Architecture & Scope
Layered architecture and scope rules for traditions and profiles.
OLS is layered. The core standard avoids forcing one tradition’s structure onto another. Tradition-specific details belong in profiles.
OLS Core
└── Christian Liturgical Core
└── Oriental Orthodox Core
├── EOTC Profile
├── Eritrean Orthodox Profile
├── Coptic Orthodox Profile
├── Syriac Orthodox Profile
├── Armenian Apostolic Profile
└── Malankara Orthodox Profile
Scope Object
{
"scope": {
"core": "christian-liturgical",
"family": "oriental-orthodox",
"tradition": "eotc",
"profile": "eotc.v1",
"status": "eotc-first",
"otherTraditionsSupported": [
"eritrean-orthodox",
"coptic-orthodox",
"syriac-orthodox",
"armenian-apostolic",
"malankara-orthodox"
]
}
}
Scope Rules
| Rule | Requirement |
|---|---|
| Core fields | MUST remain usable across Christian liturgical traditions. |
| Profile fields | MUST live under traditions.<namespace>. |
| EOTC-specific terms | MUST NOT be treated as universal Oriental Orthodox terms. |
| Local parish customs | SHOULD be encoded as variants or local custom overlays. |
| Teaching content | MUST distinguish explanation from liturgical text. |
Put Extensions at the Narrowest Scope
Keep portable fields at the entity root and place tradition-specific facts under the matching namespace.

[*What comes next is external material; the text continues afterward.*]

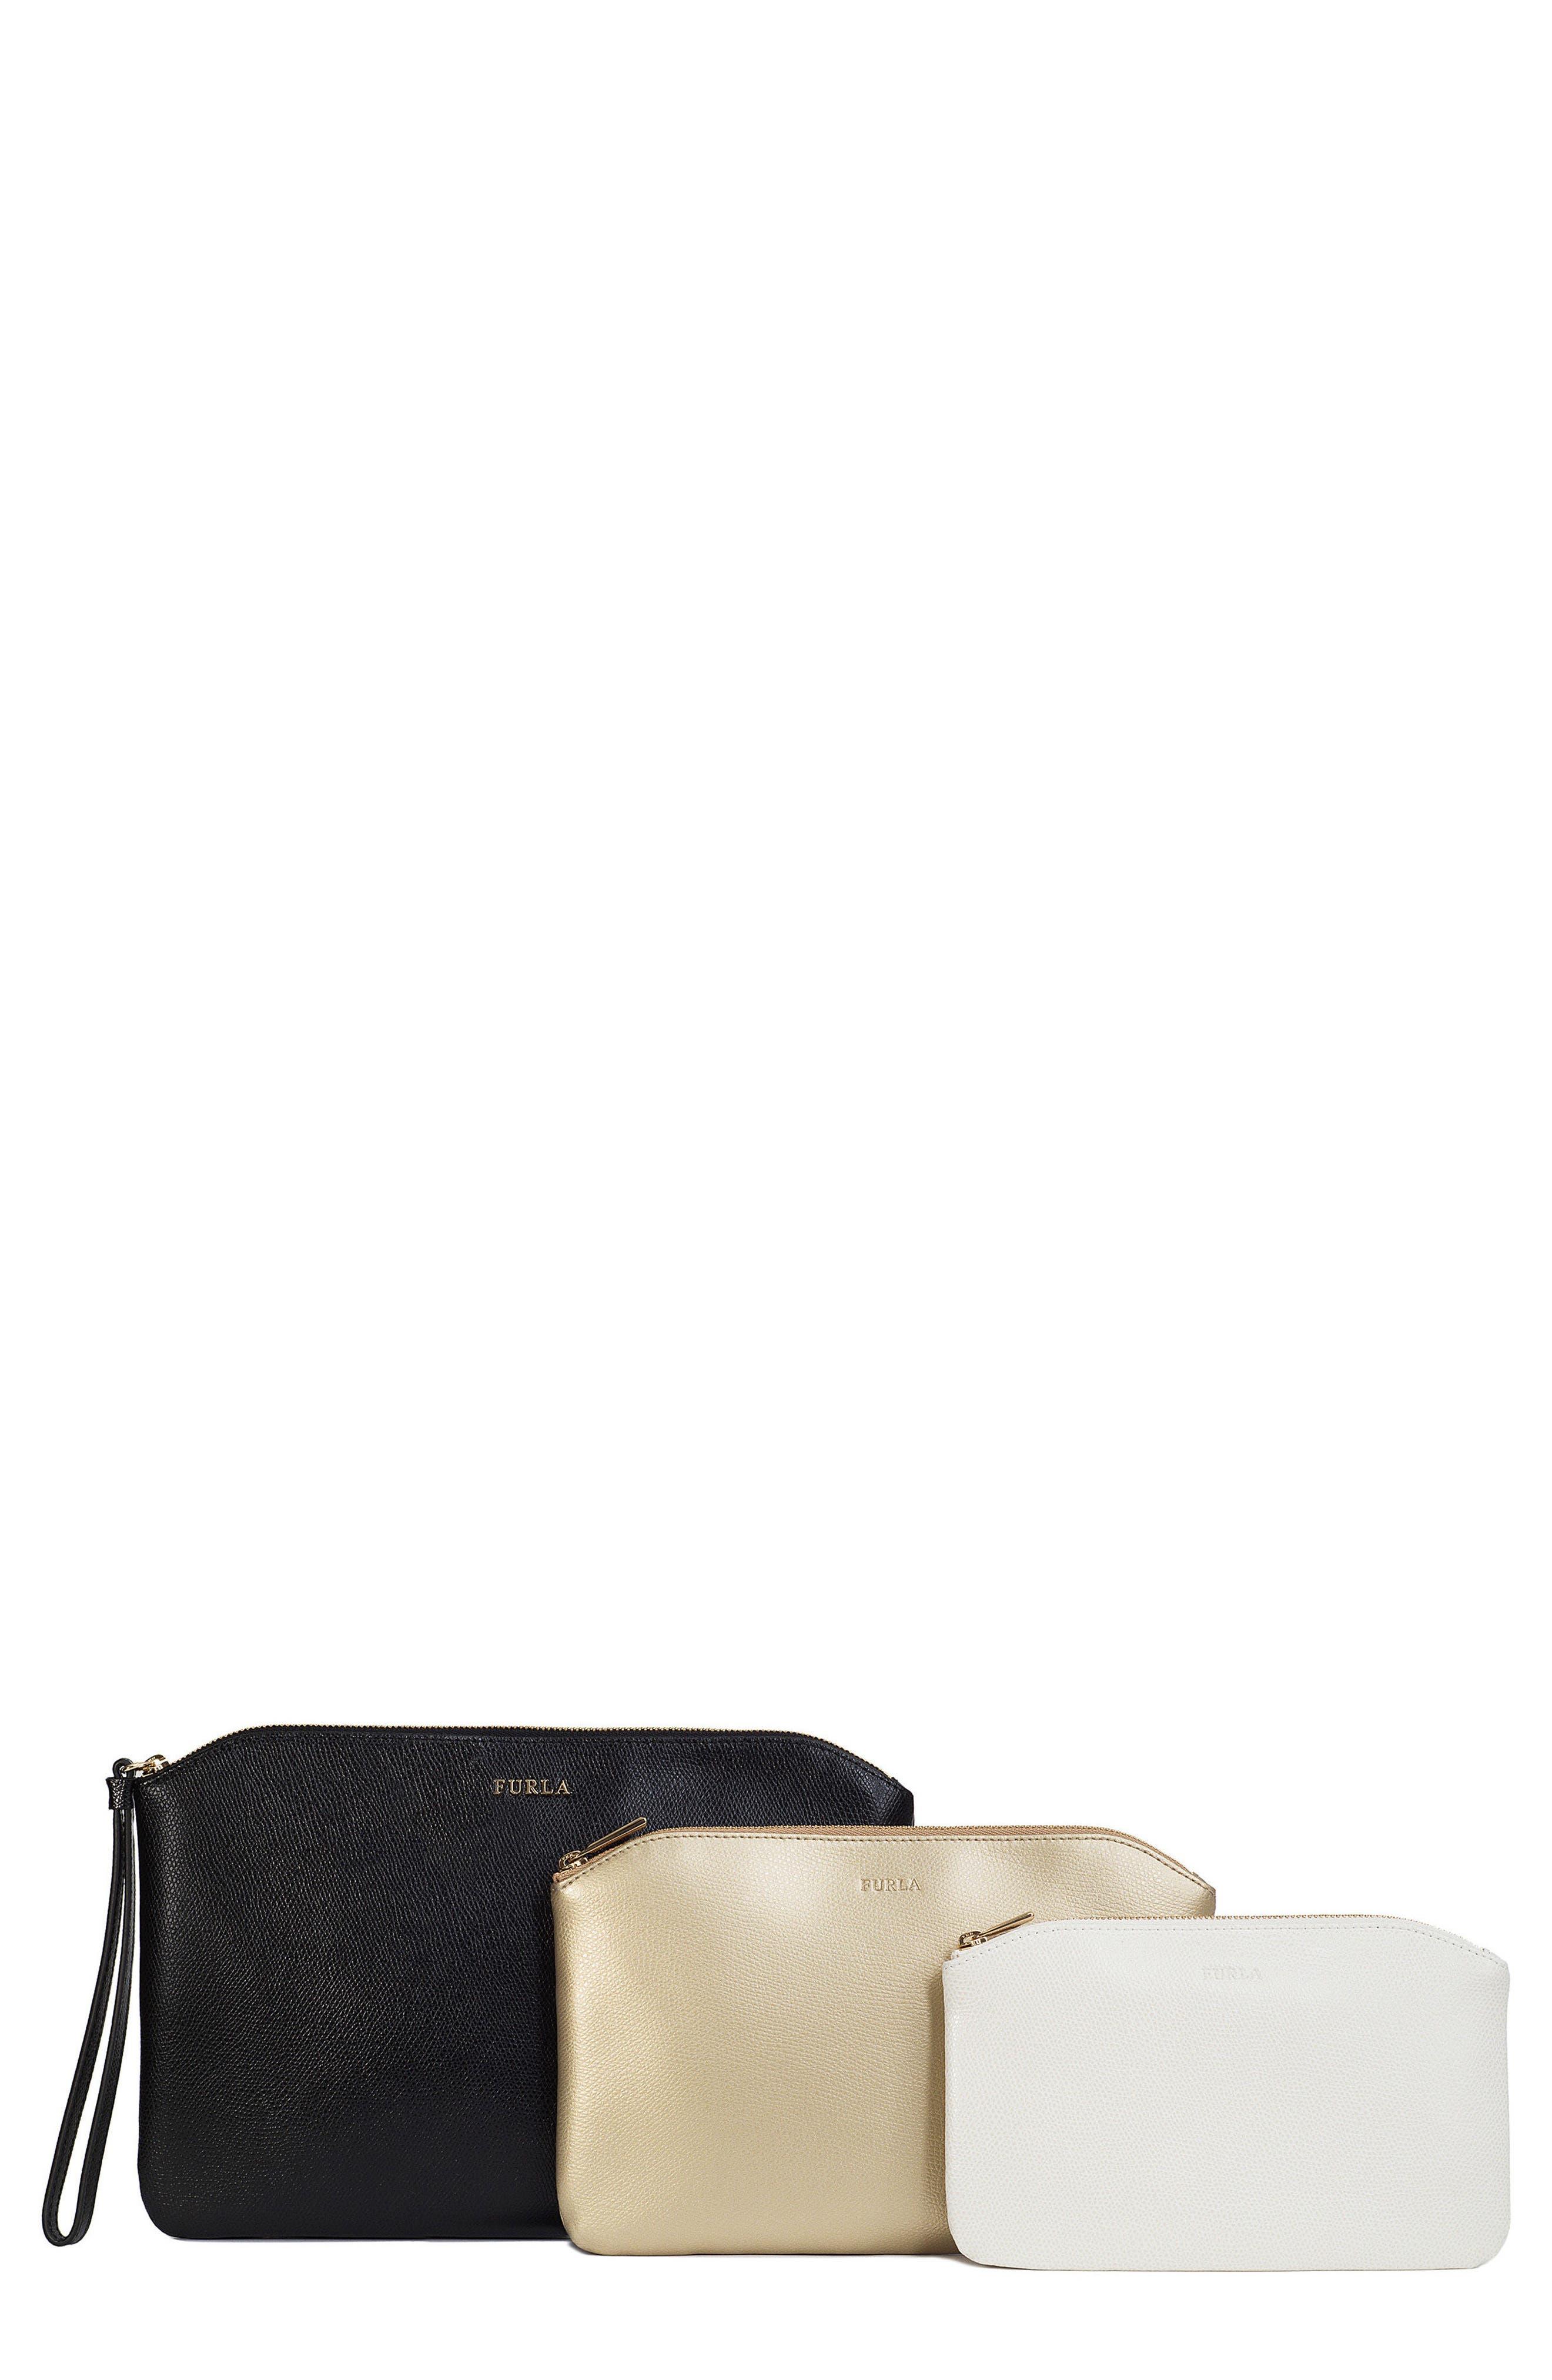 Venere Set of 3 Leather Cosmetic Bags,                             Main thumbnail 1, color,                             Onyx/ Gold/ Petalo

For example, the role type remains reusable while sanctuary access belongs to the EOTC profile:
{
"id": "role-deacon",
"type": "deacon",
"labels": { "en": "Deacon" },
"traditions": {
"eotc": {
"nativeTitle": "Diyaqon",
"sanctuaryAccess": ["qene_mahlet", "qeddest"]
}
}
}
Consumers that do not implement traditions.eotc can still understand the core role. Profile-aware consumers can apply the additional access rules.
Do not duplicate or redefine a core field inside a profile namespace. If a profile needs different semantics, define a new namespaced field and document the relationship explicitly.